GIVEN DATA
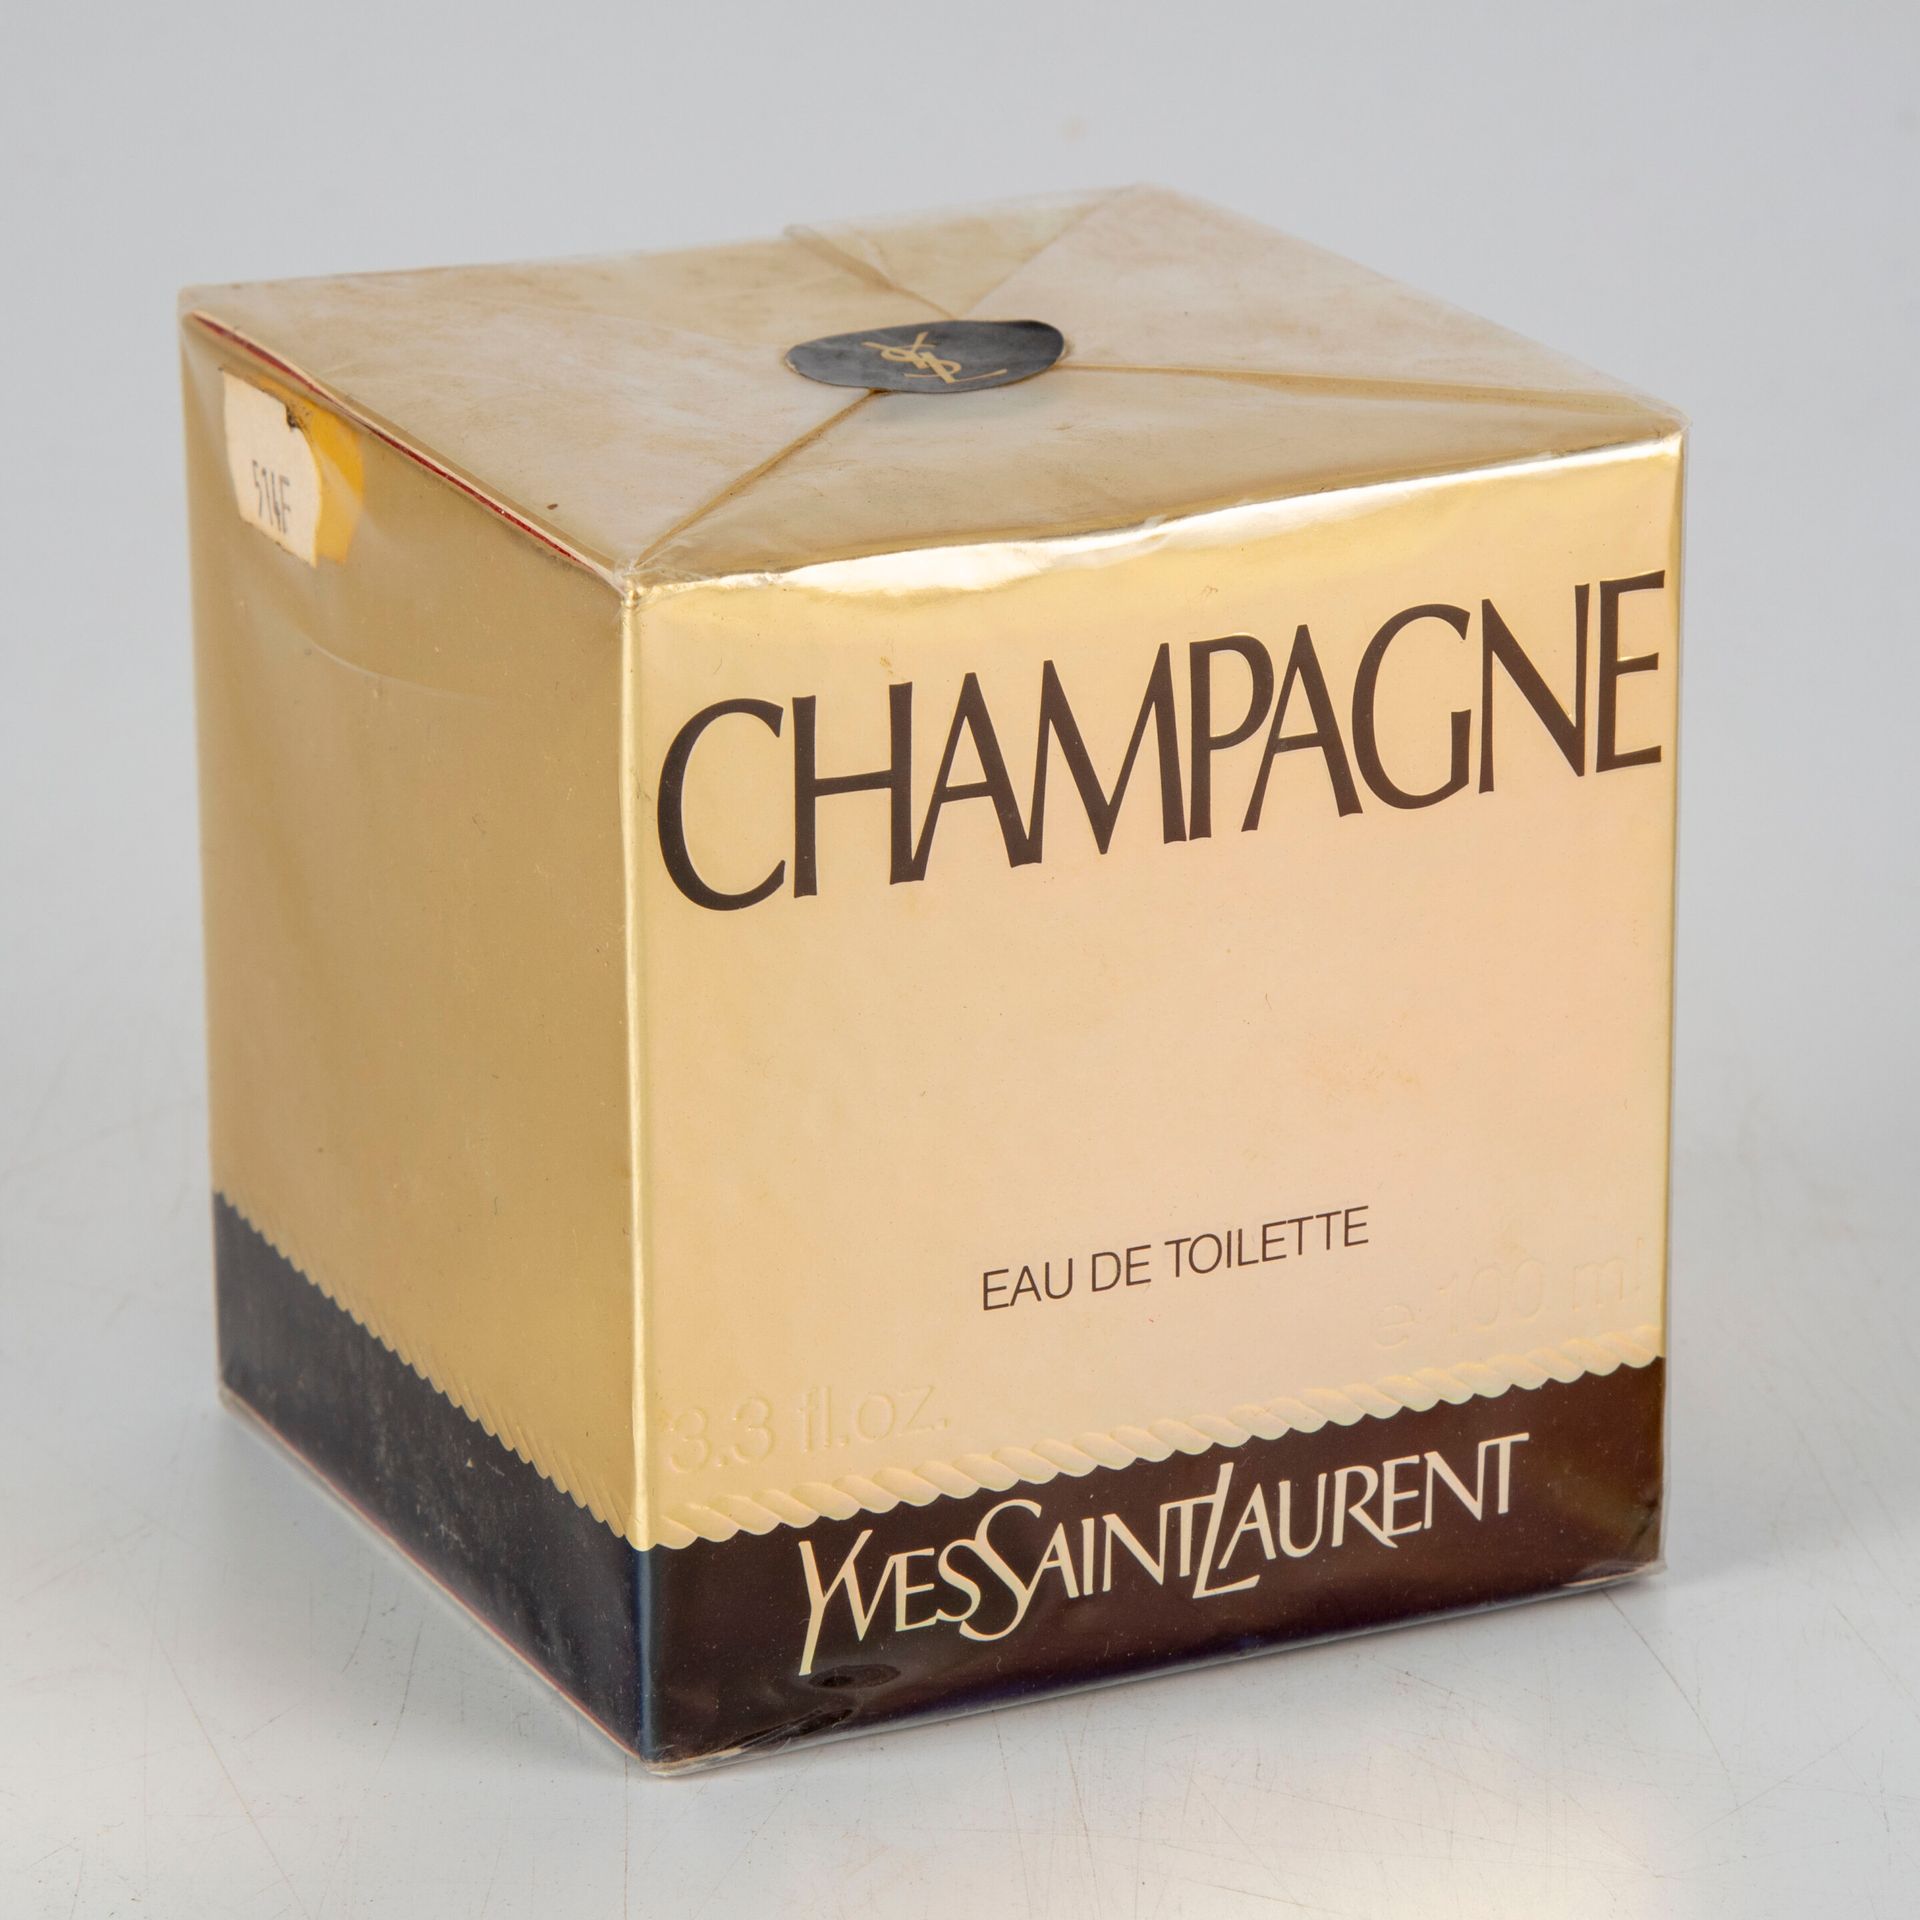 Null Casa di Yves Saint Laurent - Parigi

Eau de toilette Champagne 100ml 

cond&hellip;

WORK ITEM
I would like the data above transcribed exactly, with its pictures left out.

TASK RESULT
 Null Casa di Yves Saint Laurent - Parigi

Eau de toilette Champagne 100ml 

cond&hellip;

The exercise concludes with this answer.